Roy Scheider plays Brody, the police chief of Amity, a seaside town that is pumped for the 4th of July festivities. Scheider’s job becomes much more difficult when a body washes up on the beach disrupting the crime free town. It is clear from the remains that the teenage girl met her fate in the carnivorous clutches of a shark. However, the situation intensifies when the shark brutally devours a young boy playing in a large group of swimmers. At this point, the movie shifts as the town realizes the shark is relentless and will not be easily stopped. Enter nerdy little Richard Dreyfuss who plays Hooper, an oceanographer. Brody and Hooper are joined in their efforts to capture the great white shark by Quint (Robert Shaw), who looks and acts exactly like a man who has been out to sea his entire life.
Bloodshed aside, Jaws is legendary in the pantheon of cinema. Written by Peter Benchley and Carl Gottlieb, Jaws tells a remarkable story of three men coming together to face off against the strength of nature. Brody, Hooper, and Quint are motivated by different passions, but all three feel the intense need to capture/kill the shark. A bond is created between the three adding to the friendly and inviting nature of the film.

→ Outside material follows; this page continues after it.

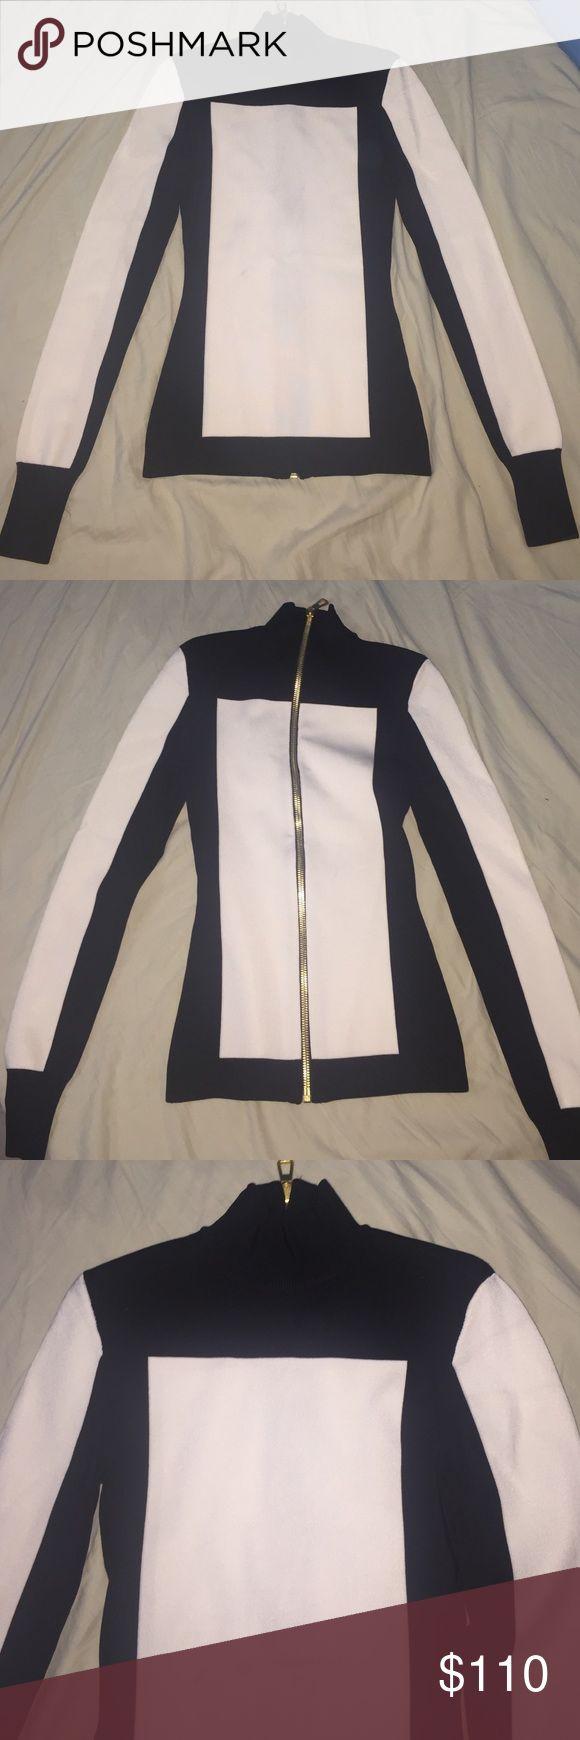 Sweater Balmain- limited edition turtleneck sweater with shoulder pads Balmain Sweaters Cowl & Turtlenecks

The story is moving, and the dialogue is engaging. I don’t really like to write about the big movies in this column, or the ones that are universally beloved. But Jaws is a big budget creature feature and it is Shark Week. Throw on a fin and play some John Williams. I don’t recommend sneaking up in someone’s bath, but maybe scare a stranger at the public pool. Watch Jaws with someone who has yet to experience the fear and scar them for life.